TCU's Assistant AD Resigns after Mocking Texas A&M Bonfire Tragedy

Categories: Sports

GregFeatherston.jpeg
In sports, as in life, it's best to avoid unforced errors. Don't fumble the snap. Don't foul the three-point shooter. Don't walk in the winning run. And for the love of God don't, 15 years after the fact, piss on the graves of a dozen college kids who died in an unbearably tragic accident.

Had Greg Featherston been thinking in sports metaphor last week, he'd probably still have a job. As it was, TCU's assistant athletic director of compliance apparently didn't realize the utter stupidity of mocking the 1999 Texas A&M bonfire tragedy on Facebook until it was too late.

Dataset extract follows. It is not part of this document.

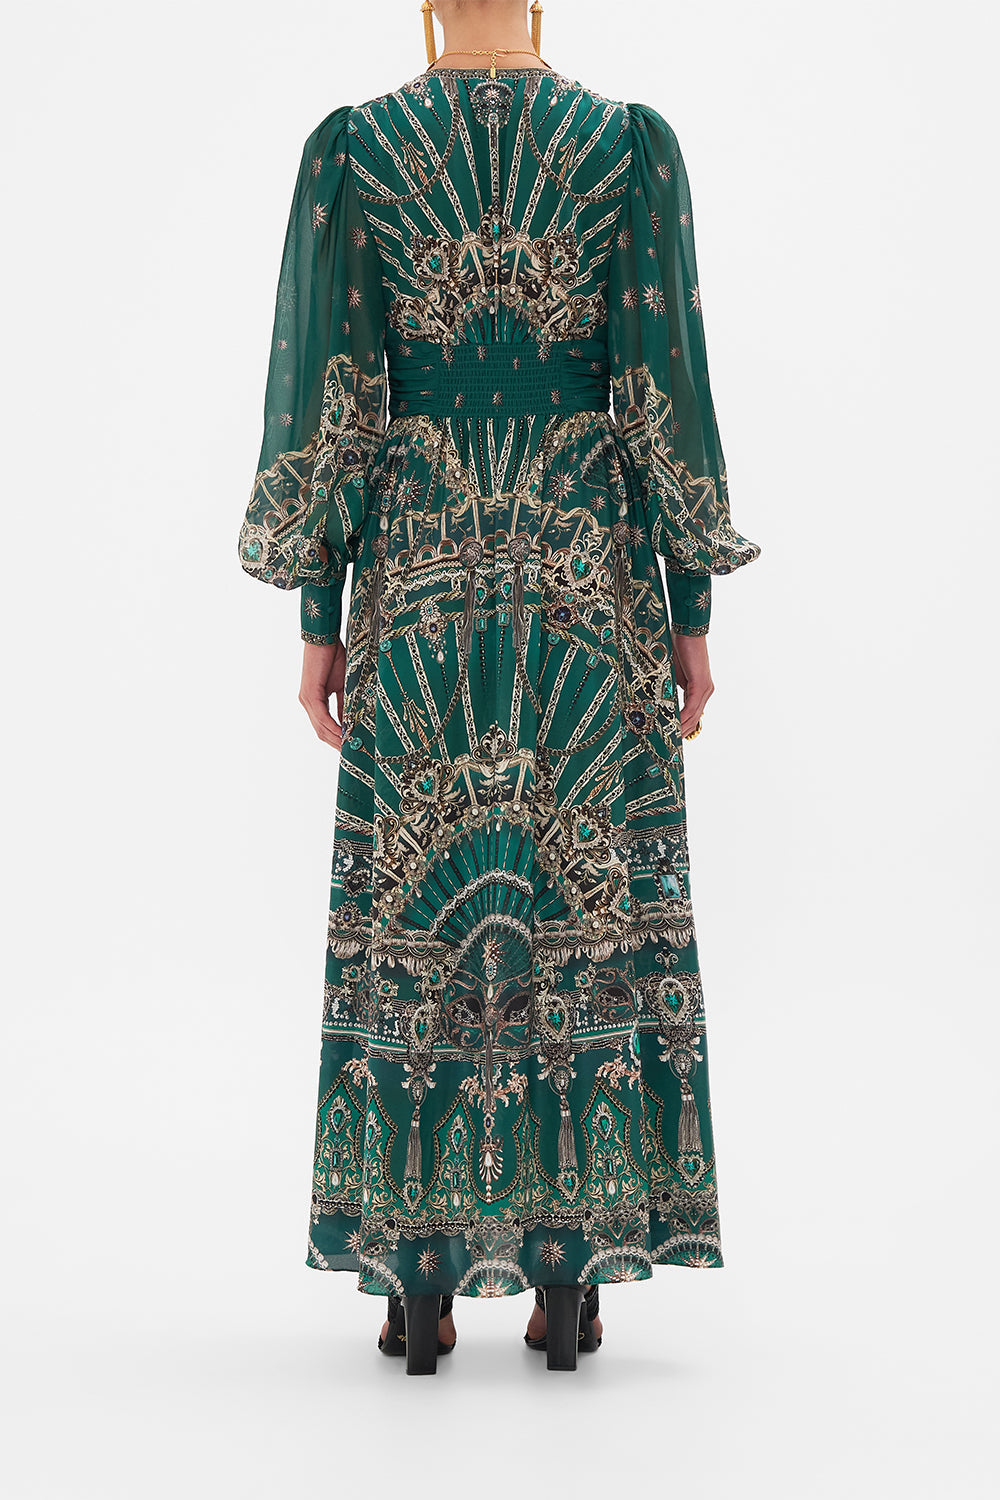 Back view of model wearing CAMILLA Long Silk Dress in A Venice Veil print
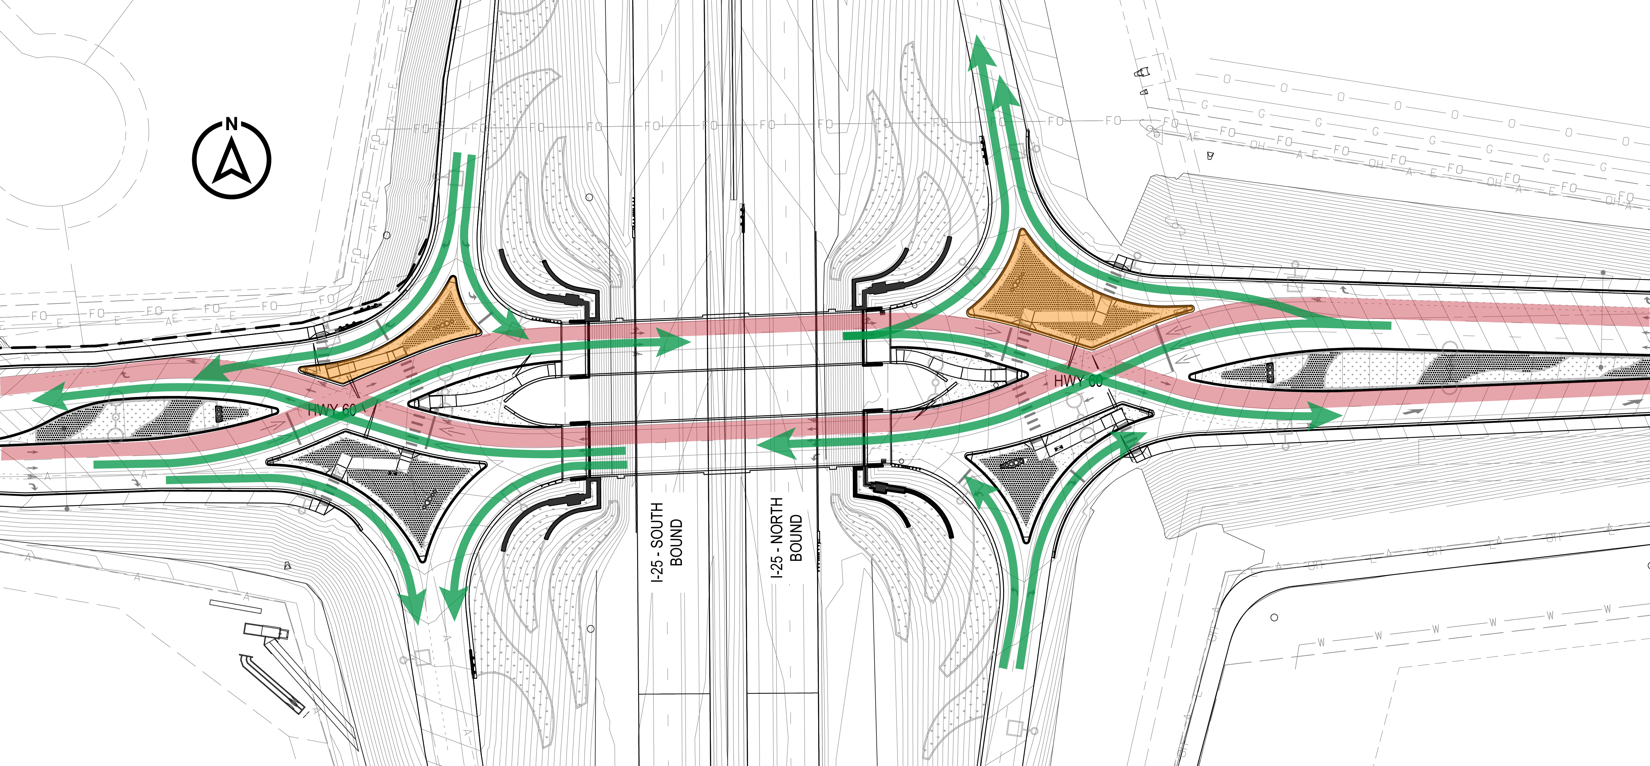 Diverging Diamon interchange I-25 North Express Lanes project map rendering detail image

The post went up on Wednesday. It linked to an article about A&M's plans to leave 12 seats empty at Kyle Field to honor the fallen students and reads, in full:

A&M to leave 12 seats empty to honor the 12 students who died in bonfire collapse. I didn't write the response below ... but I could have:

That makes good aggy sense. If the number of students that were victims of what amounted to drunken, negligent homicide on the part of that cow college didn't match so perfectly with the cult's favorite number, I doubt you would have seen anything like this done. Same thing with their campus "memorial". This allows the aggy admin to continue martyring them in an effort to cover their part in those people all being crushed to death by a big pile of logs that should have been either (a) never built or (b) built by professionals. See, this way it's a passive tragedy that "happened" rather than an active atrocity that was committed. This fits into the real aggy honor code of lying, cheating and stealing.

By Friday, the post was splashed all across the Internet, prompting Featherston, a 38-year-old UT grad, to issue an apology for his "lapse in judgment."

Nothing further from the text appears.